画人伝・大阪 円山四条派 山水・真景

摂州池田の四条派・葛野宜春斎

葛野宜春斎「呉里図」池田市立歴史民俗資料館蔵

葛野宜春斎「呉里図」池田市立歴史民俗資料館蔵

葛野宜春斎(1771-1819)は、摂州池田(現在の大阪府池田市)の酒造業の家に生まれ、その頃池田に寓居していた呉春に師事した。呉春に学んだ期間は短かったと思われるが、のちに応挙画風を加味した作品を残している。

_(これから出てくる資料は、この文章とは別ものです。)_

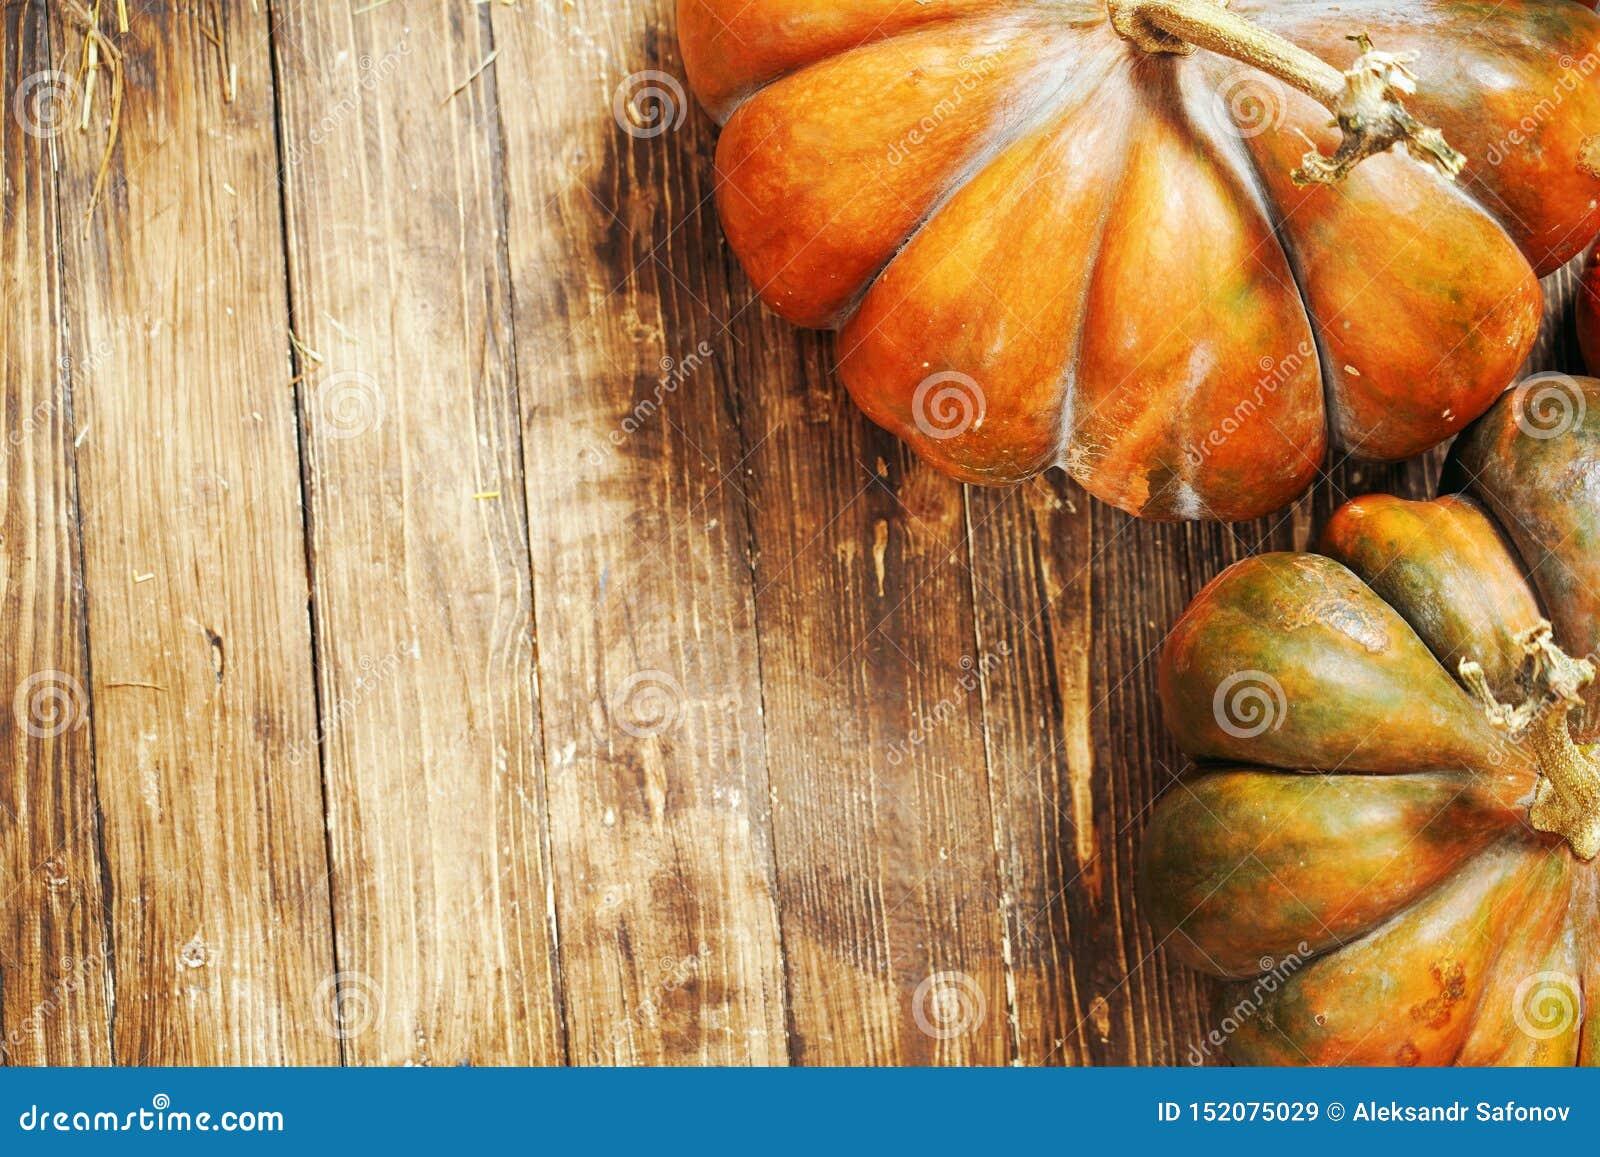 Bania na drewnianym tle jesieni wciąż życie bania na brąz drewnianej podłodze bania w górę strzału od odgórnego punktu
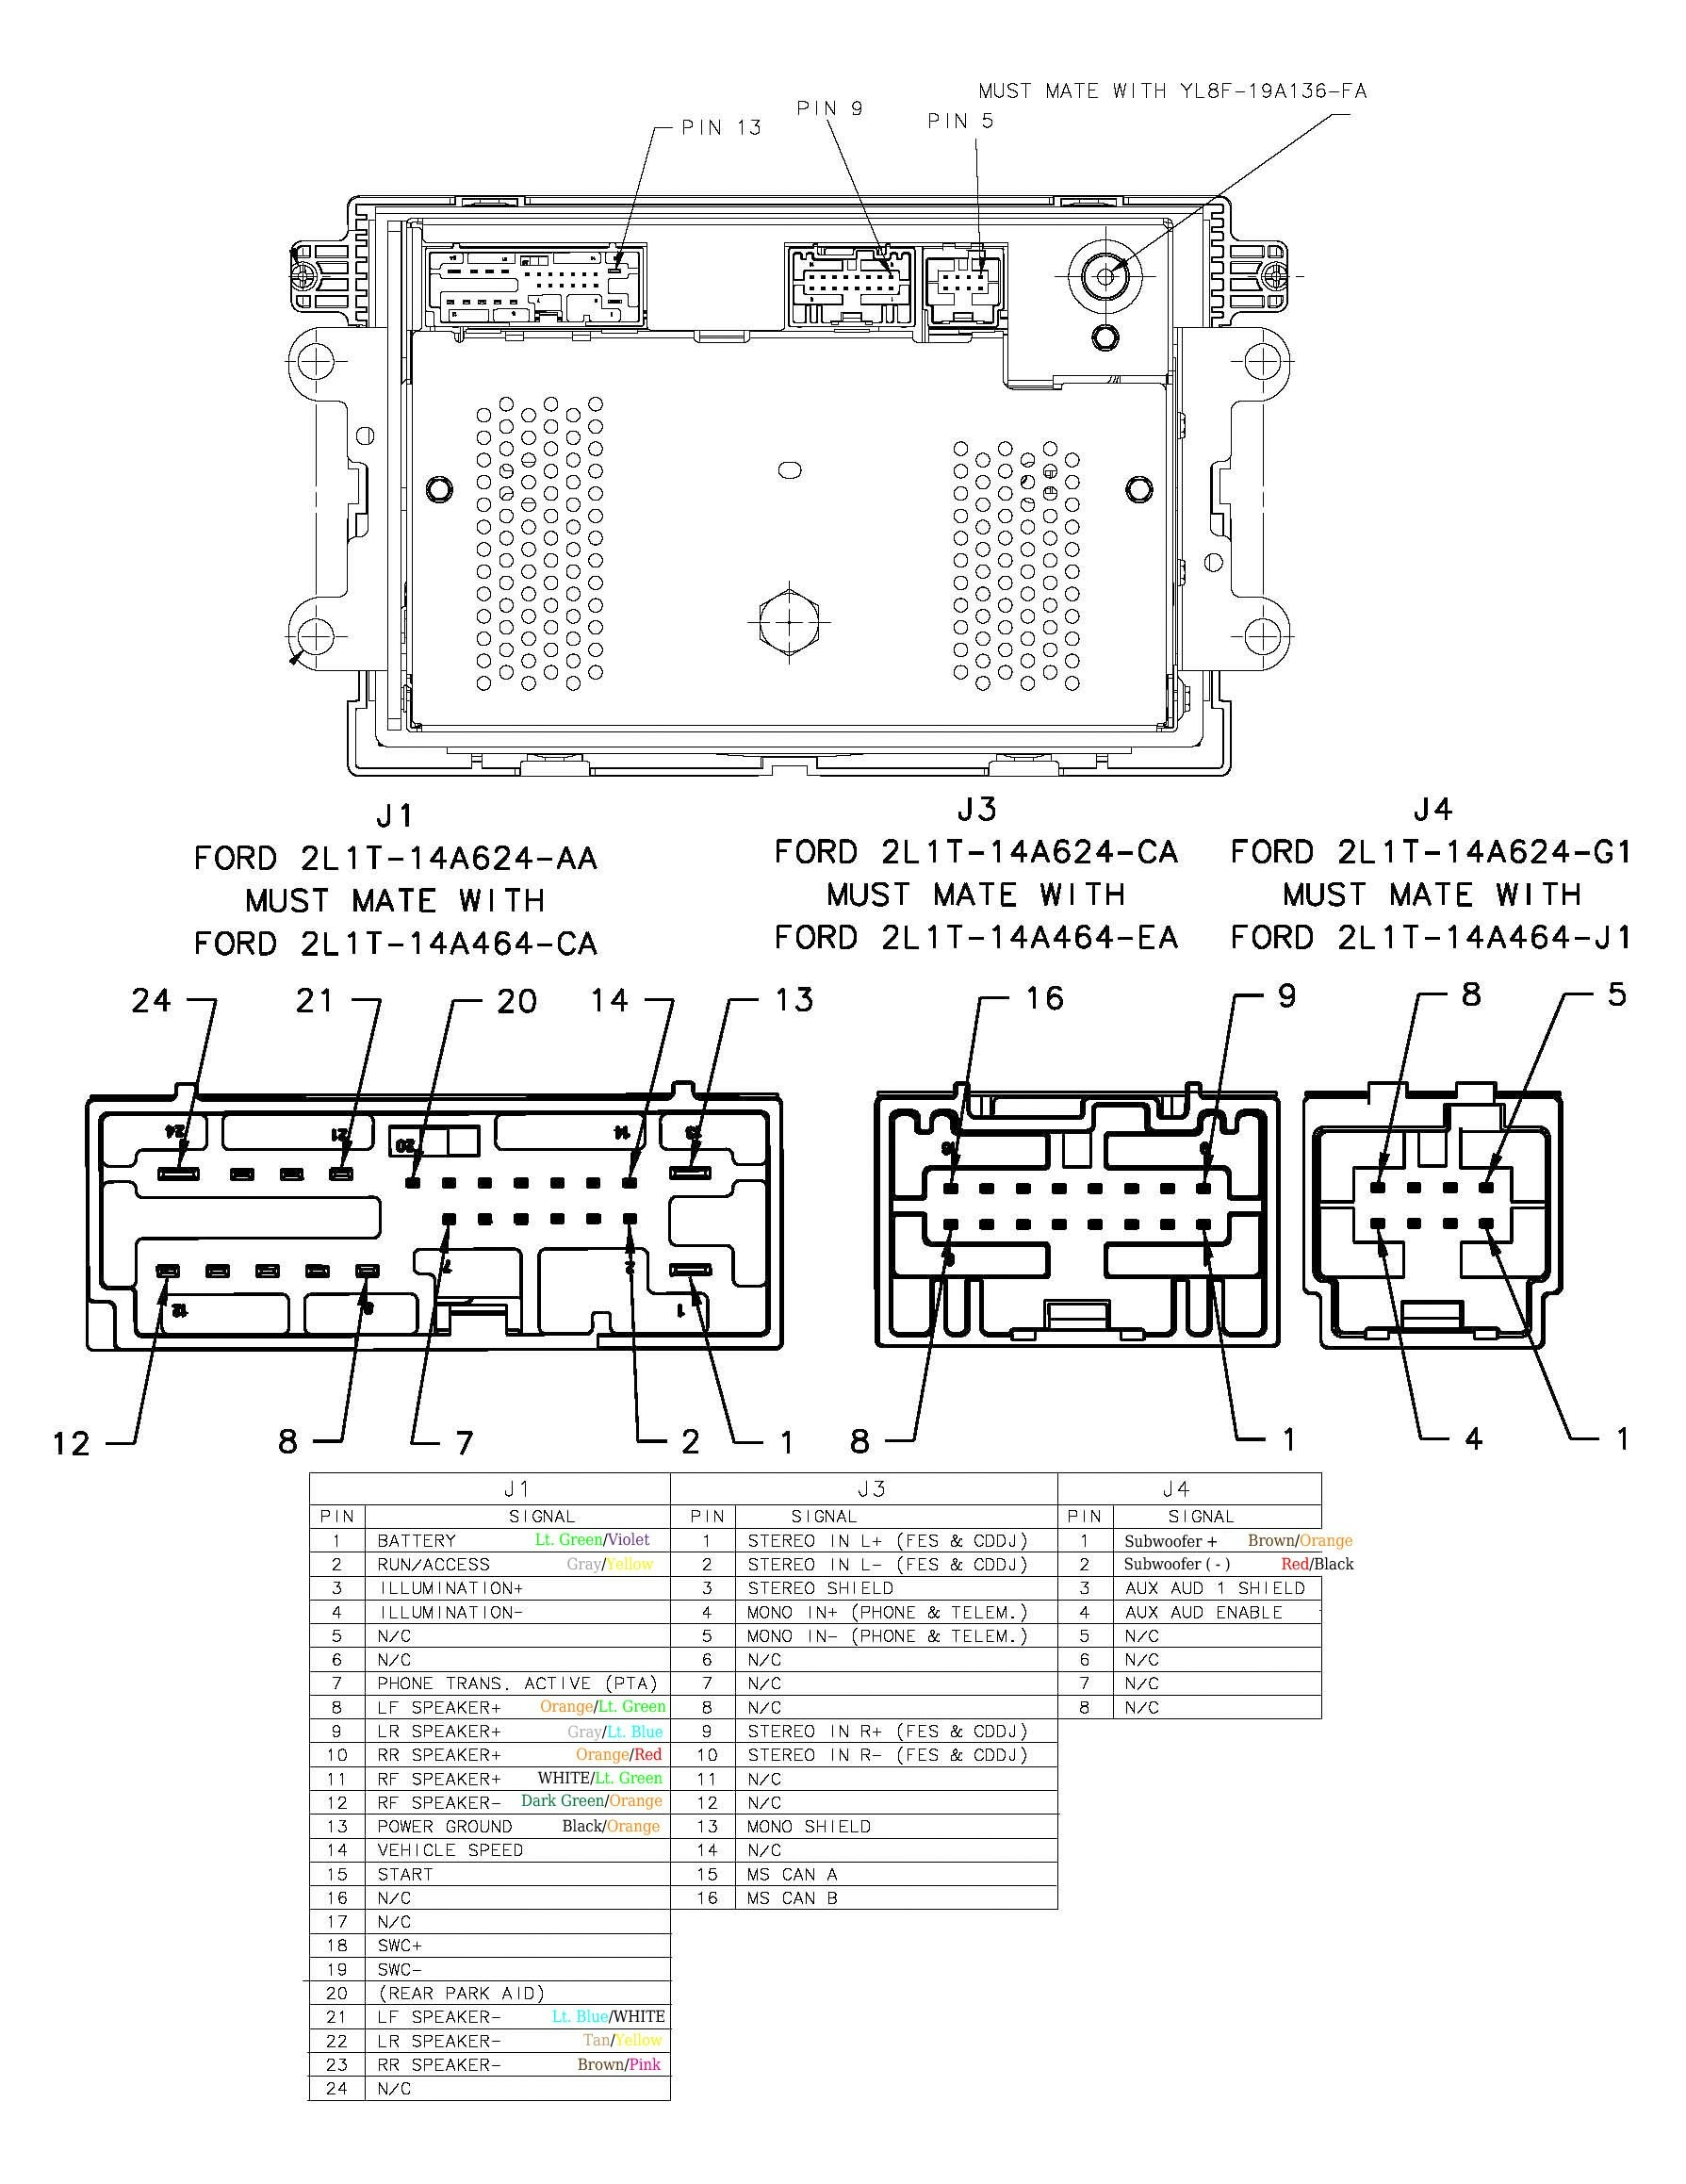 Metra 70 5520 Wiring Diagram - Simple Wiring Diagram - Metra 70-5520 Wiring Diagram

掲載の「呉里図」は、当時呉里(くれはのさと)と呼ばれていた現在の池田市域を南から描いた図で、中央に五月山が配され、その手前に池田の諸寺院の屋根が点在し、現在は失われた姫室・梅室という小塚(経家)なども描かれている。五月山の麓から流れる川は猪名川で、手前にある社は呉服神社である。賛は、池田在住の酒造家で和漢の古典に造詣のあった荒木李谿・梅閭兄弟が手掛けている。

葛野宜春斎(1771-1819)かどの・ぎしゅんさい
明和8年摂州池田生まれ。生家は酒造業を営んでいた。通称は山城屋次郎。池田に寓居していた呉春に師事し、勝部如春斎にも学んだと伝わっている。和歌もよくした。文政2年、48歳で死去した。